Ok so I picked up a carboy and corker at a yard sale for 18 bucks im so excited but how can I get this carboy clean its oldddd he said it just been sitting in his garage and what type of corker? He said he never had pennies or anything in it


----------



## vacuumpumpman (Dec 6, 2014)

I believe that is a beer capper not a corker -


----------



## cmason1957 (Dec 6, 2014)

Nice pickups, great price. I don't know anything about the "corker" and I sort of think that is a capper, not a corker, but I might be way off base with that.

As to cleaning that carboy, fill it with fairly warm water and rinse out a few times. Then fill it, add one scoop full of oxyclean and let it sit overnight or for a full day maybe. You may need to repeat and you may need to get a drill mounted carboy cleaner to run around in there. Think carwash pom-poms for a carboy, they run about $10-15, but are almost a must have for cleaning stubborn stuff inside carboys.


----------



## Runningwolf (Dec 6, 2014)

Nice find. I believe that is not a corker but a bottle capper. Soak the carboy over night in oxyclean.


----------



## Runningwolf (Dec 6, 2014)

all right you guys, big deal you type faster than me. LOL


----------



## jamesjr (Dec 6, 2014)

Ok thanks also ya it came with caps I see now lol I was just overly excited but could I somehow make it into a corker maybe fabricate something?


----------



## garymc (Dec 6, 2014)

Put it on craigslist.


----------



## garymc (Dec 6, 2014)

It looks like it might be a 6 gallon carboy. If you do the soak in oxyclean thing, I'd measure how much water it takes to fill it up. Nothing like making a 6 gallon batch and then finding out your carboy takes 6.5 gallons or something. I have three 6 gallon and a dozen 5 gallon carboys and it seems like there are 4 or 5 different volumes that they hold.


----------



## jamesjr (Dec 6, 2014)

Yea its alot more round than a 5. And ill keep the corker I may do beer eventually


----------



## REDBOATNY (Dec 6, 2014)

I have 2 cappers just like that, handed down from my father. I use them for skeeter pee in Corona bottles. you can also cap champagne bottles with it.


----------



## jamesjr (Dec 6, 2014)

Ok that's good to kno. I have the carboy just soaking in water now and later ill soak bleach then oxygen clean but it looks good already im so excited this is my first big carboy except the one gallons I got look out liver its going to be a fun winter


----------



## Julie (Dec 6, 2014)

don't put bleach in it! You really should keep bleach away from your winemaking area and equipment. Just use the oxyclean, like everyone said, the one with the green lid because it does not have bleach in it.


----------



## jamesjr (Dec 6, 2014)

Please explain why no bleach ( im only a couple months into this and I was under the impression that if very careful with thorough rinsing I could sanitize with bleach? 

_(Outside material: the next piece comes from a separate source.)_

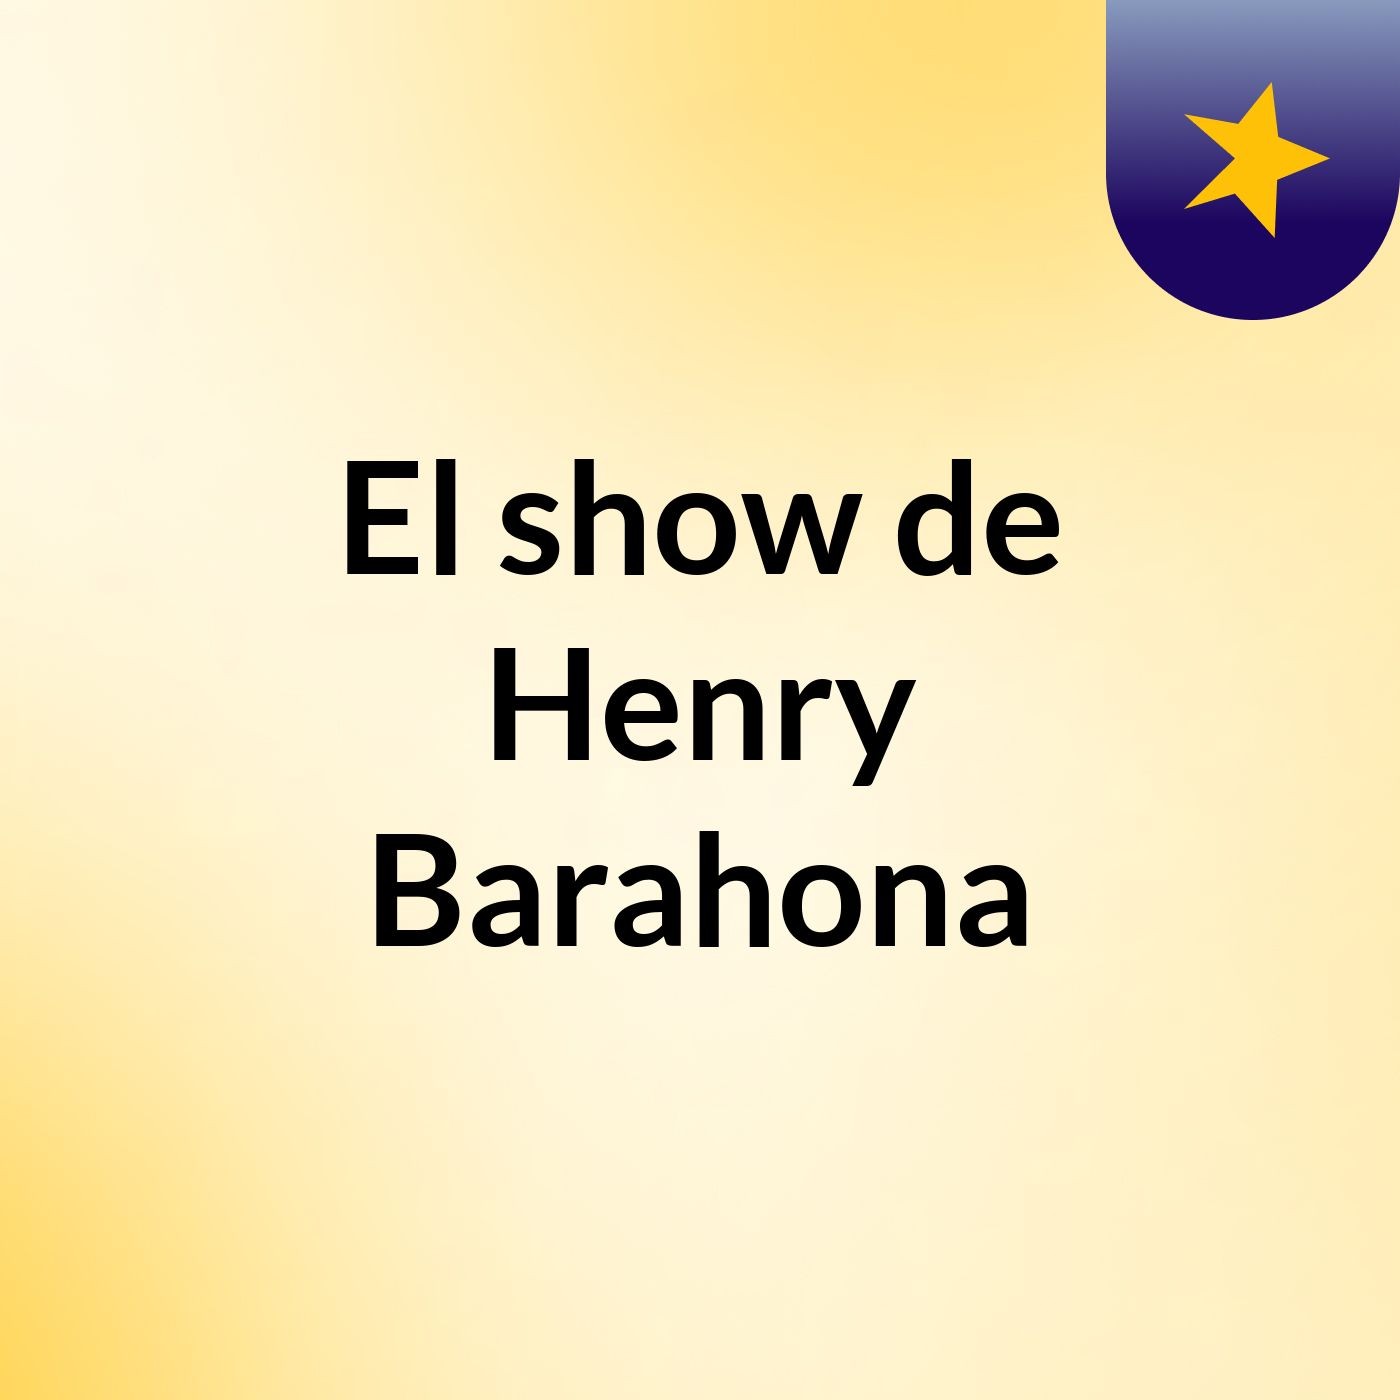 El show de Henry Barahona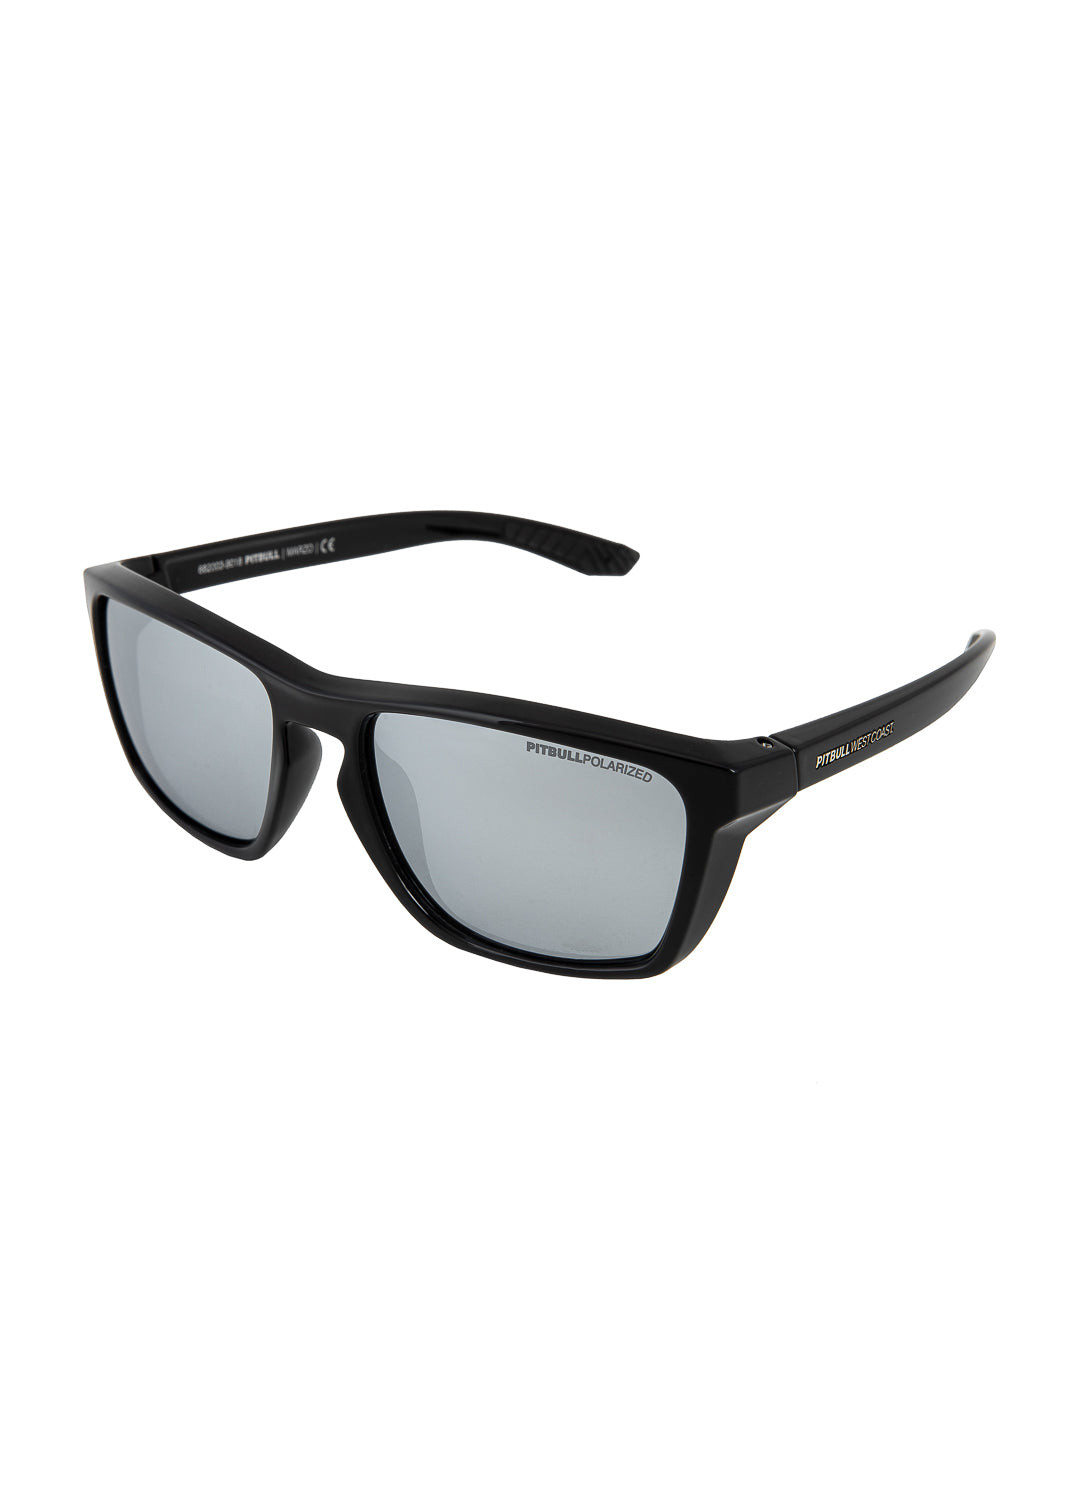 Sunglasses Black/Silver MARZO.

Also the carboy held 8 gallons of water tonight is that unusual? The guy said it sat in his garage for 30 plus years also am I an idiot using it could it be worth some crazy money? Or have I had to much skeeter pee?


----------



## calvin (Dec 6, 2014)

It is hard to get the bleach smell/flavor out of your equipment. All the beer/winemaking cleaners are basically flavorless or unscented. You don't want to drink bleach do you? 

That's my understanding anyway. Others could correct me tho.


----------



## Boatboy24 (Dec 7, 2014)

calvin said:


> It is hard to get the bleach smell/flavor out of your equipment. All the beer/winemaking cleaners are basically flavorless or unscented. You don't want to drink bleach do you?
> 
> That's my understanding anyway. Others could correct me tho.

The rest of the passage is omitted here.